#### Assignment
Everything in the data below except the pictures must be repeated word for word.

#### Data excerpt
──────────────────────────────

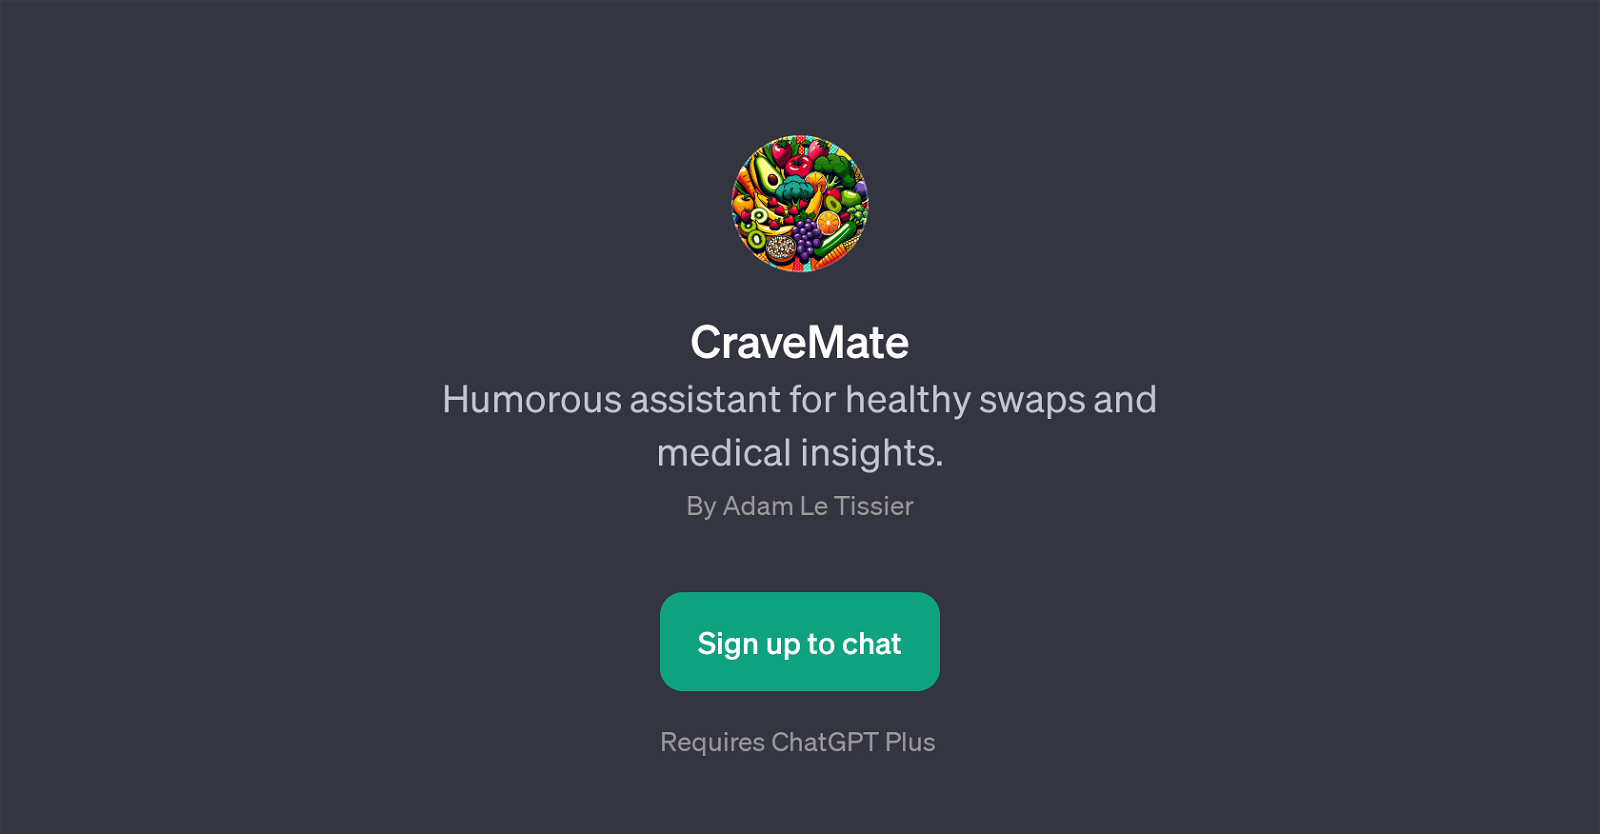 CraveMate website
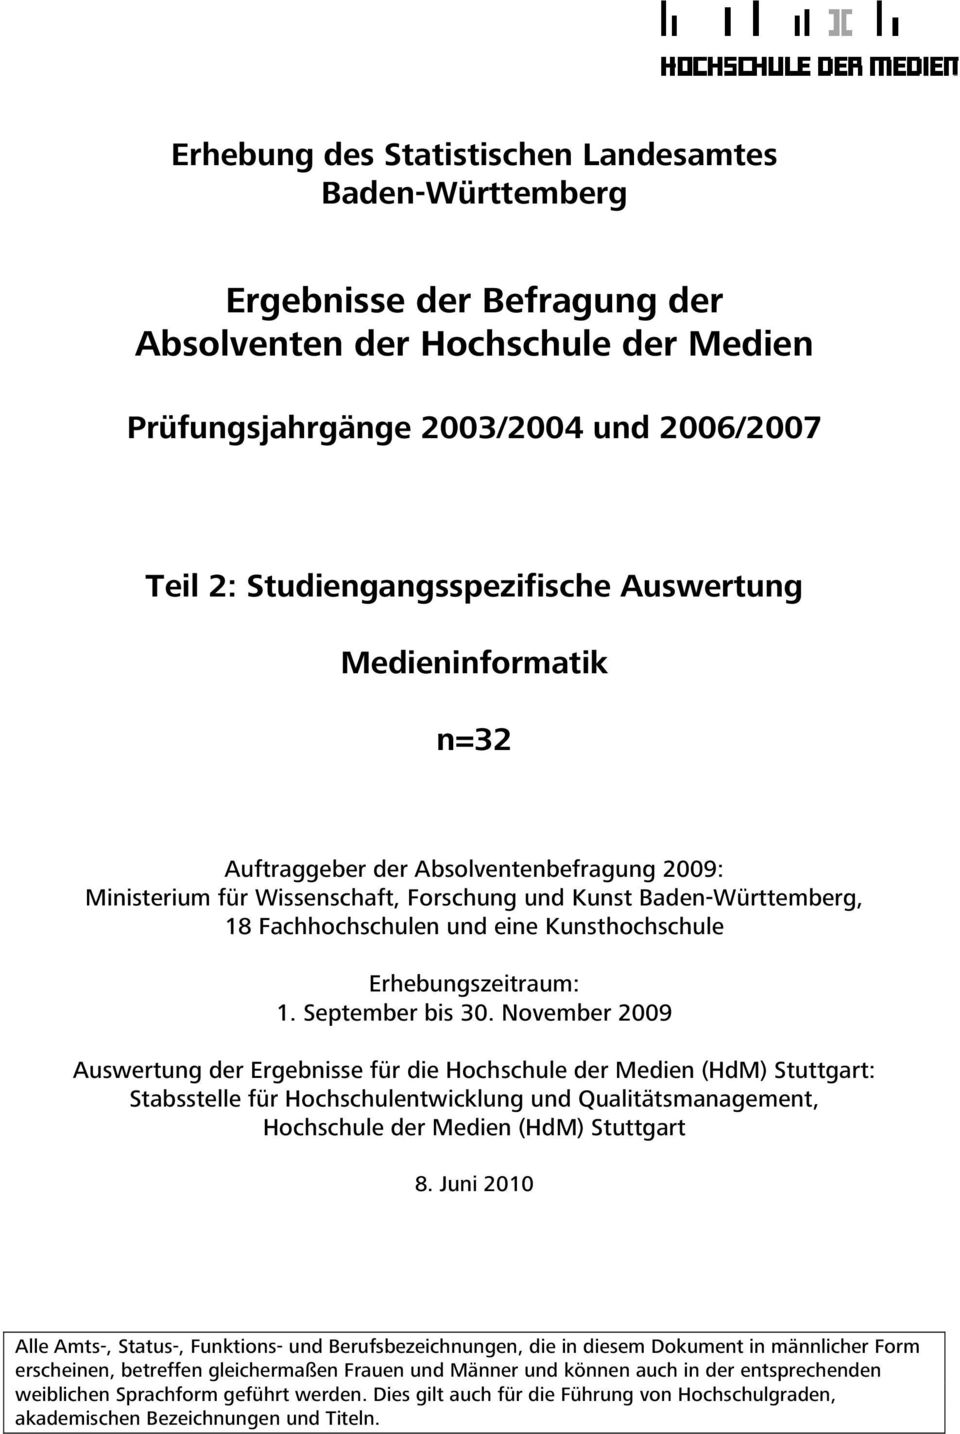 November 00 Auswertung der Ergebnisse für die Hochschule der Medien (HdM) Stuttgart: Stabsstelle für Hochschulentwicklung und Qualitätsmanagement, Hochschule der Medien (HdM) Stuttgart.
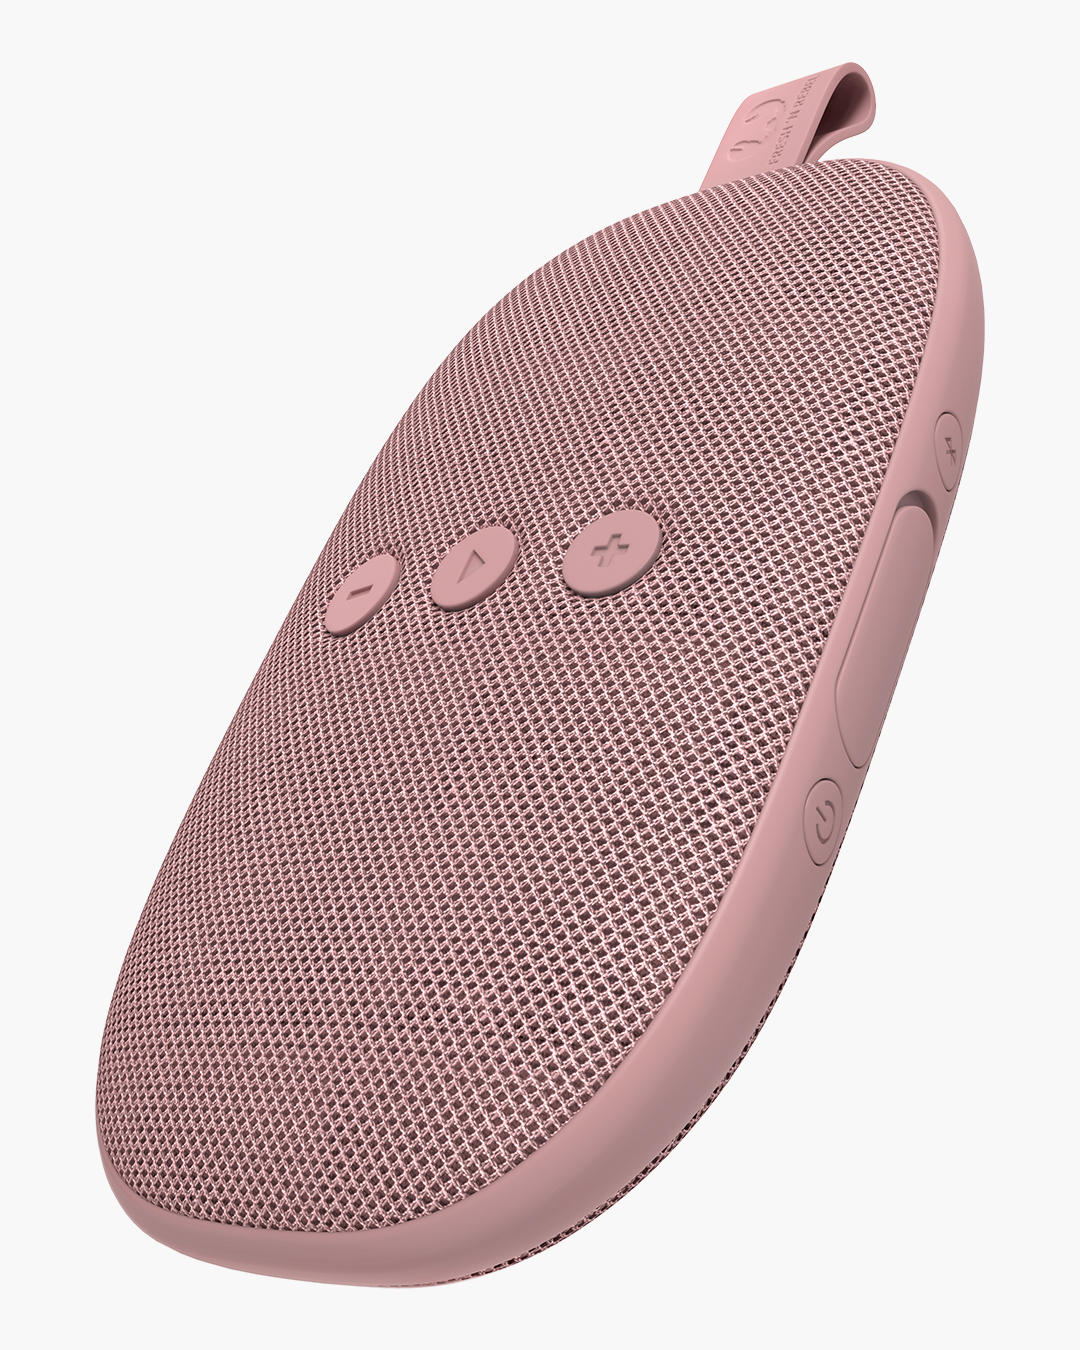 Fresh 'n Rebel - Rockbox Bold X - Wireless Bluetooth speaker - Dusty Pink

──────────────────────────────

#### Answer box
 CraveMate website
 November 00 Auswertung der Ergebnisse für die Hochschule der Medien (HdM) Stuttgart: Stabsstelle für Hochschulentwicklung und Qualitätsmanagement, Hochschule der Medien (HdM) Stuttgart.
 Fresh 'n Rebel - Rockbox Bold X - Wireless Bluetooth speaker - Dusty Pink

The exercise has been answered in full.